Ingo Scholtes and Frank Schweitzer acknowledge support from the Swiss National Science Foundation (SNF), grant number CR31I1_140644/1.

Author information

Affiliations

Authors

Corresponding author

Correspondence to Ingo Scholtes.

Additional information

Communicated by: Burak Turhan

Appendix A:

Appendix A:

A1 Data Set

Table 3 summarises the 58 projects in our data set. For each project we show the project name and programming language, the time span of the data retrieved, as indicated by the times of the first and last retrieved commits, the total number of commits and the total number of unique developers during the analysed time span.

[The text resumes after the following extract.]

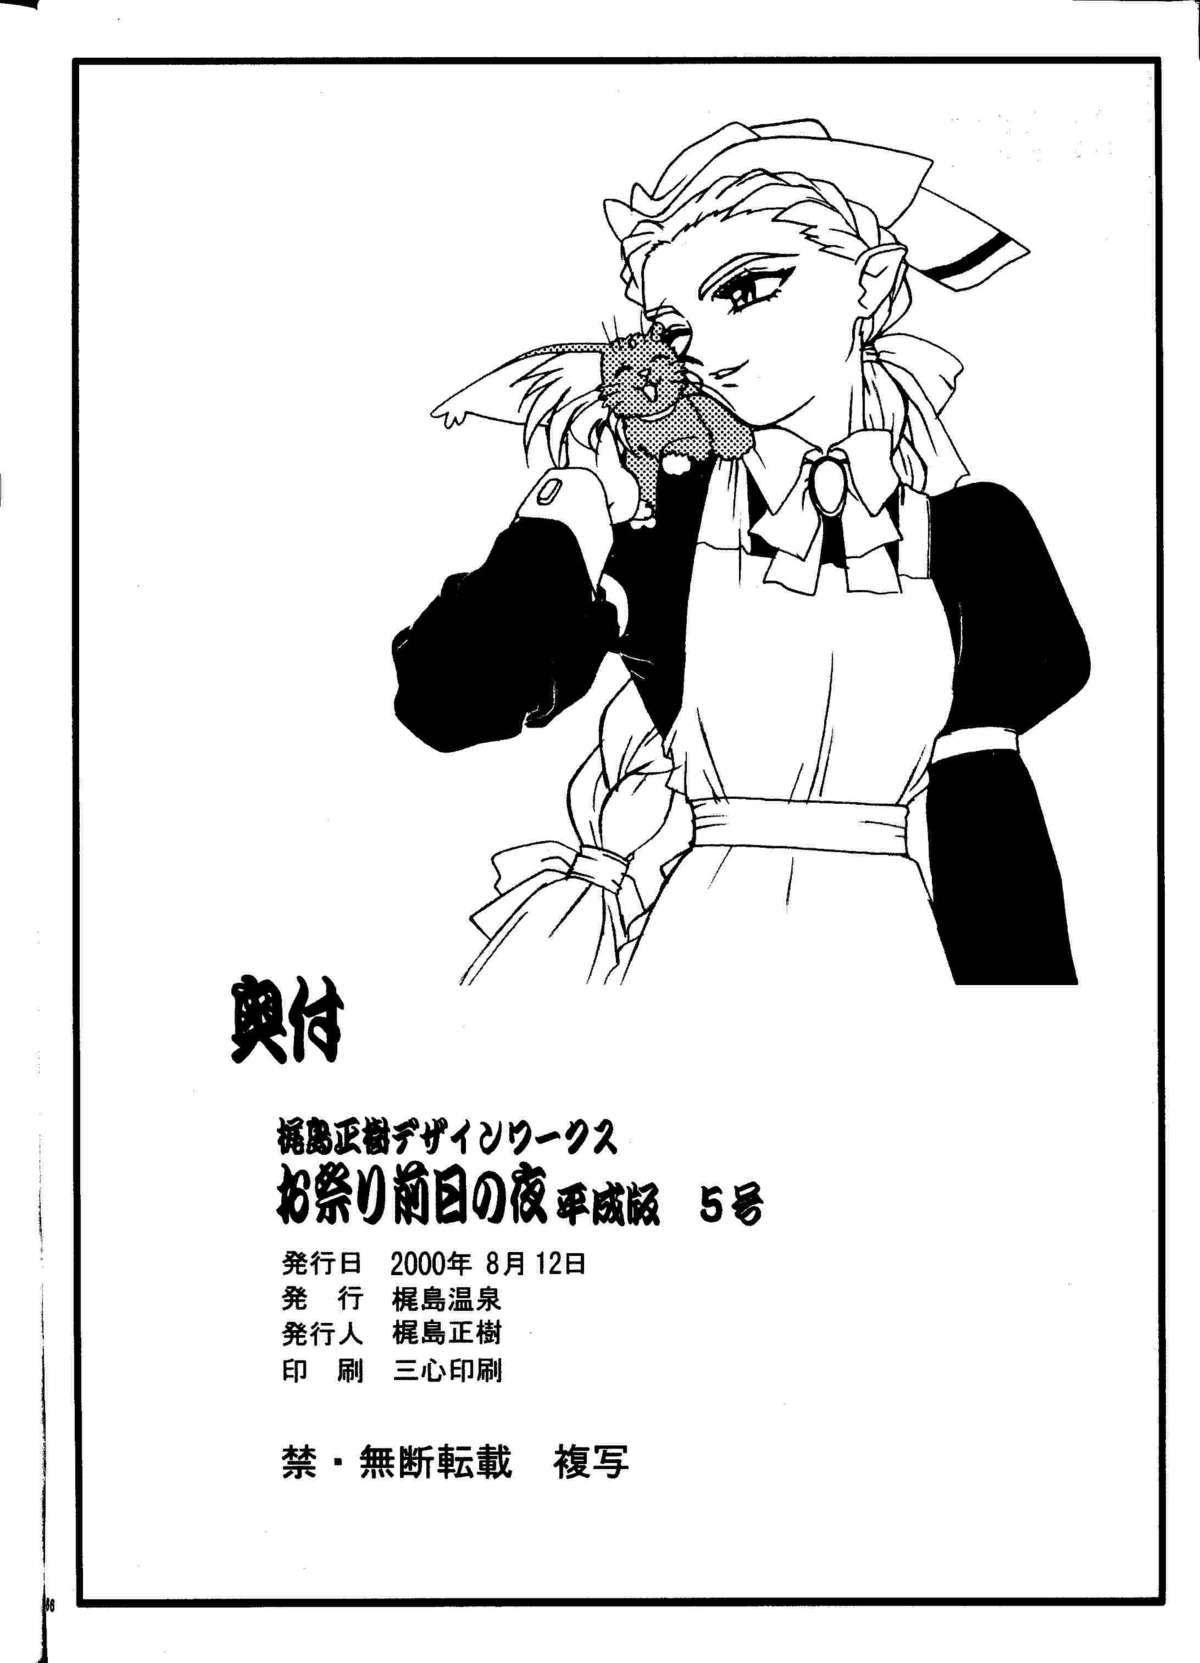 Brother Omatsuri Zenjitsu no Yoru Heisei Ban 5 - Tenchi muyo gxp Gosenzo san-e Verification - Page 65
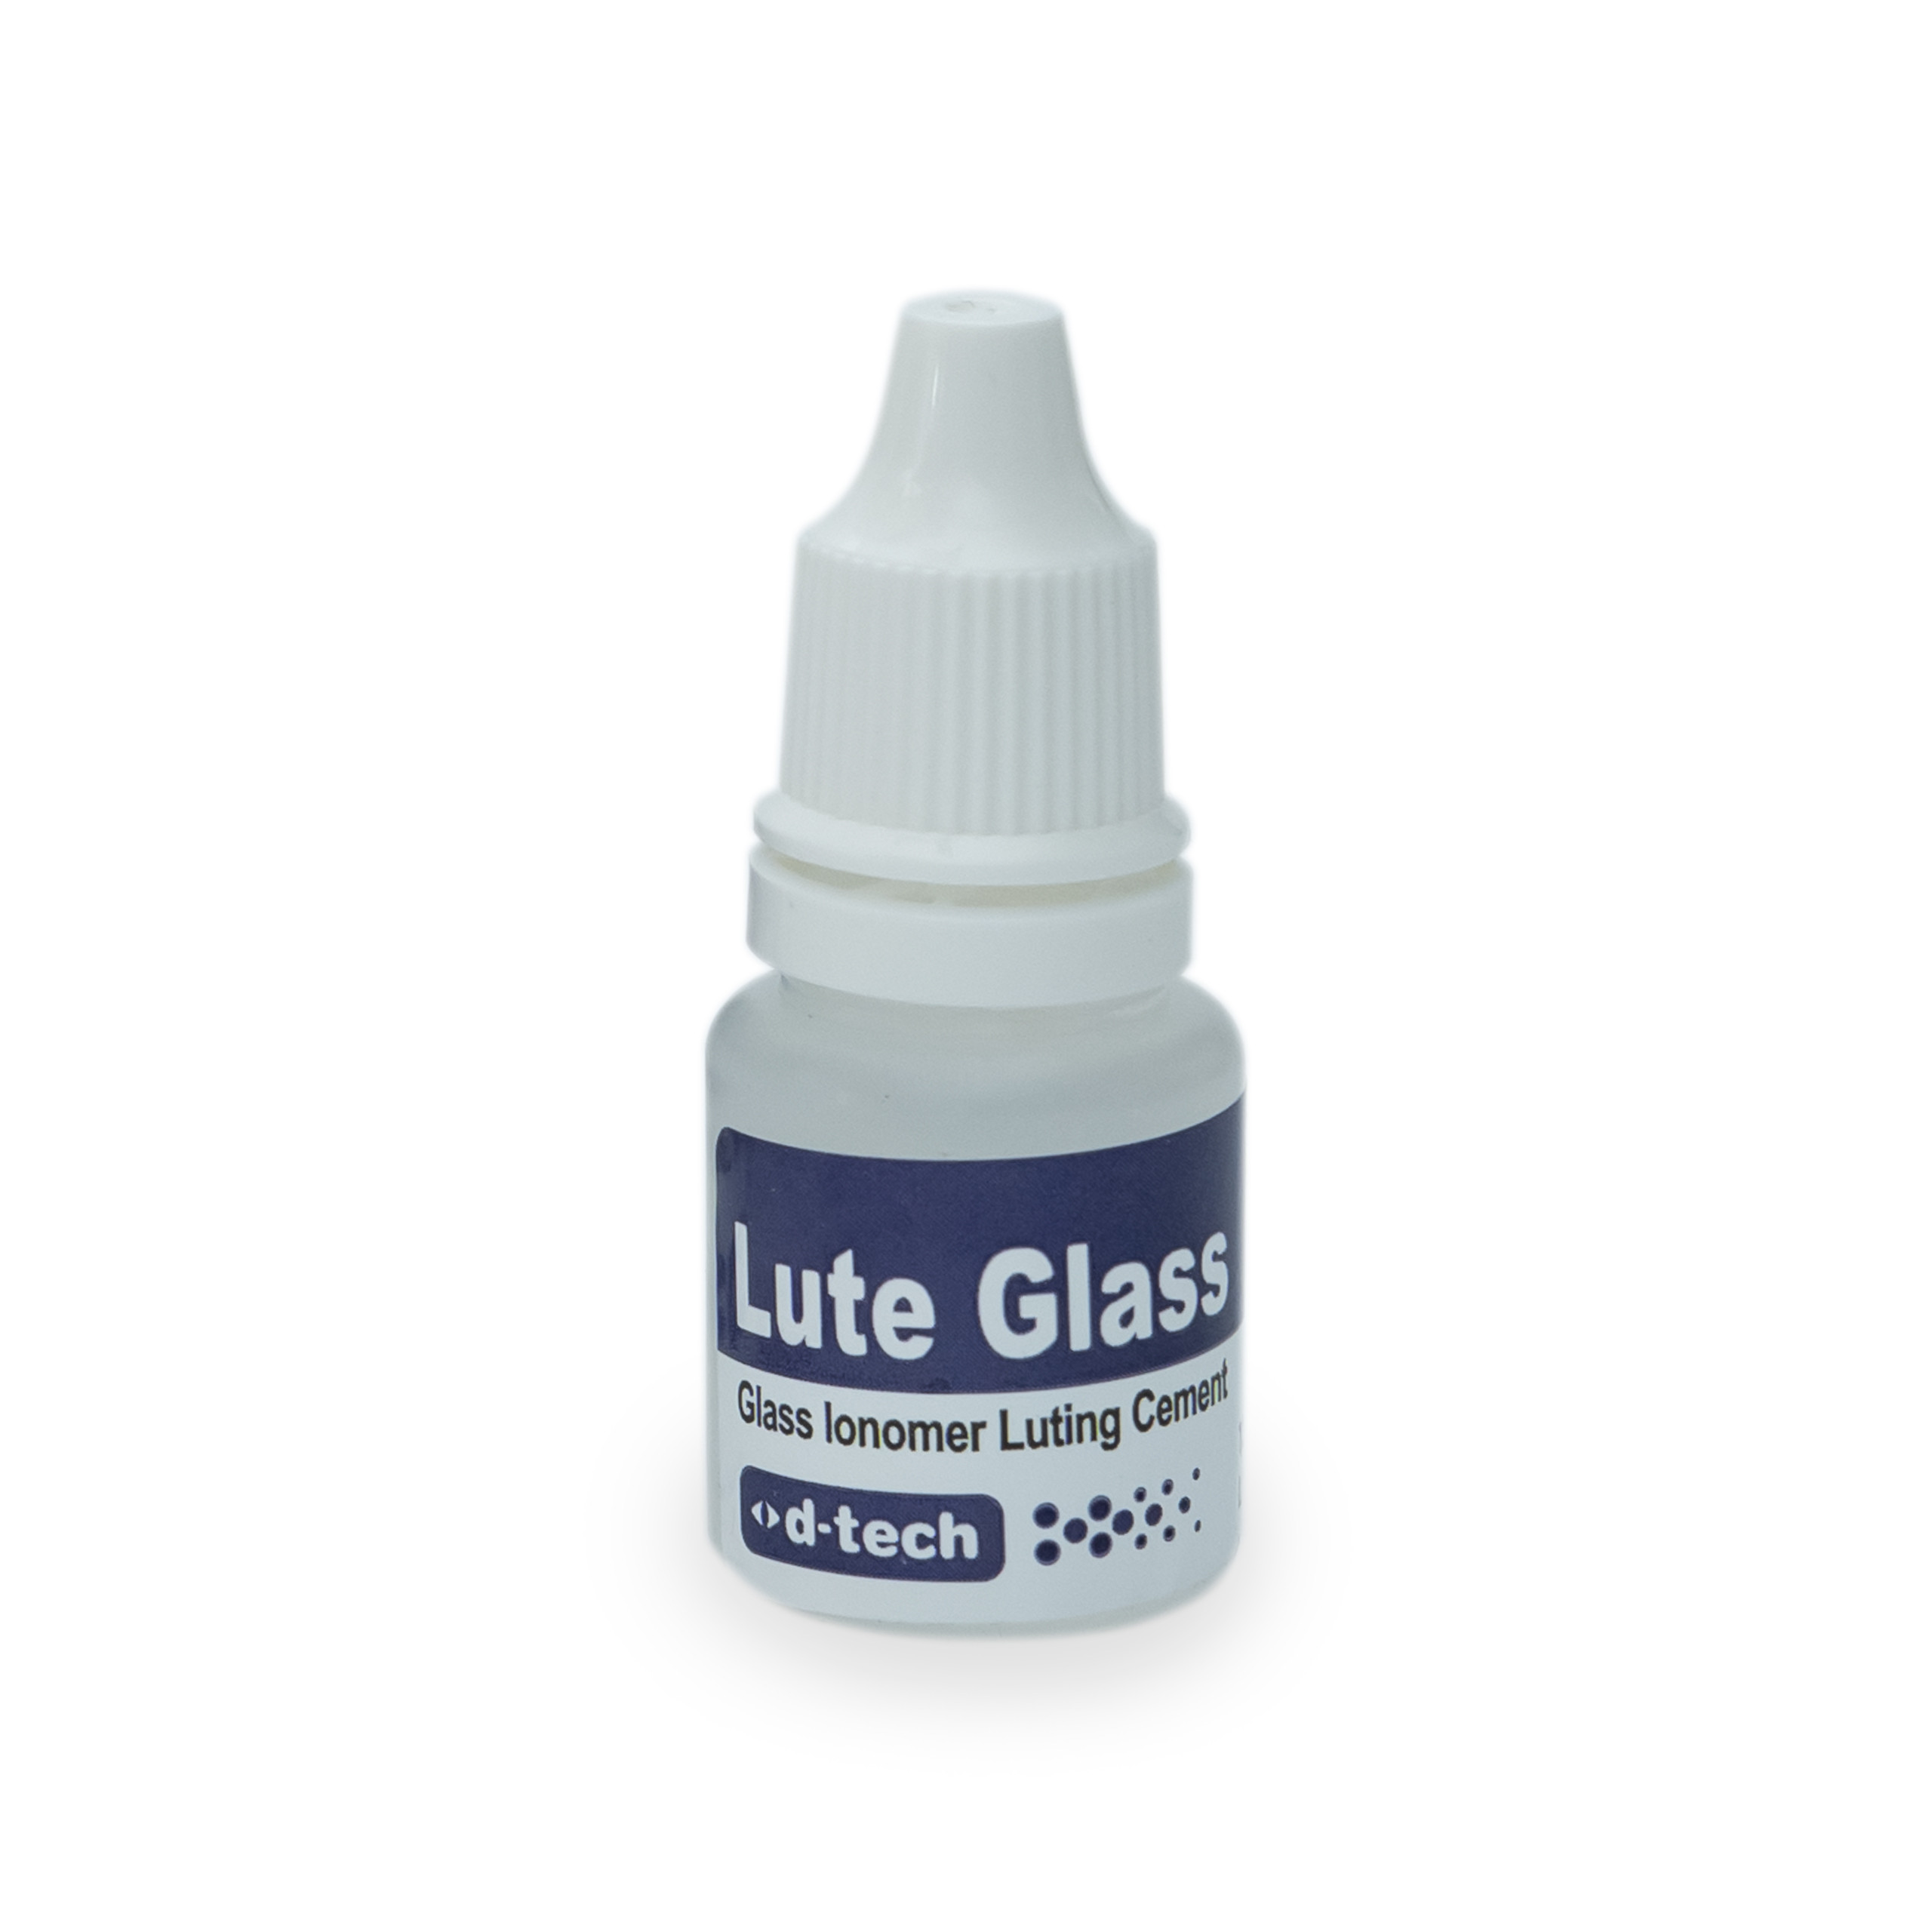 D -Tech Lute Glass (powder15gm And Liquid 13ml) (Expiry 10/2024)

Table 3 Summary of the 58 OSS projects in our data set

A2 GitHub Data Set

For each project in our data set we queried the GitHub API with the query https://api.github.com/repos/%3Cowner%3E/%3Crepo%3E/commits%3Fpage=%3Cn%3E, where <owner> is a GitHub user account and <repo > is the name of a project repository belonging to this user. The query returns a paginated json list of the 30 most recent commits in the master branch of the project. By varying the parameter <n >, we control the pagination and can trace back the commit history until the very first commit.

Each element in the json list represents a commit with all Git-relevant information (see Section 3.1). More specifically, it contains the names and email addresses of both the author and the committer.Footnote 11 The author is the person who authored the code in the commit and the committer is the one with write permissions in the repository who merged the commit in the project code base. These two identities may not be the same when pull requests are considered, as the developers requesting the pull typically do not have write access. Since we quantify contributions in terms of amount of code written, we take the author email from the commit data as a unique identifier for individual developers. In cases where the author email is empty, we conservatively skip the commit.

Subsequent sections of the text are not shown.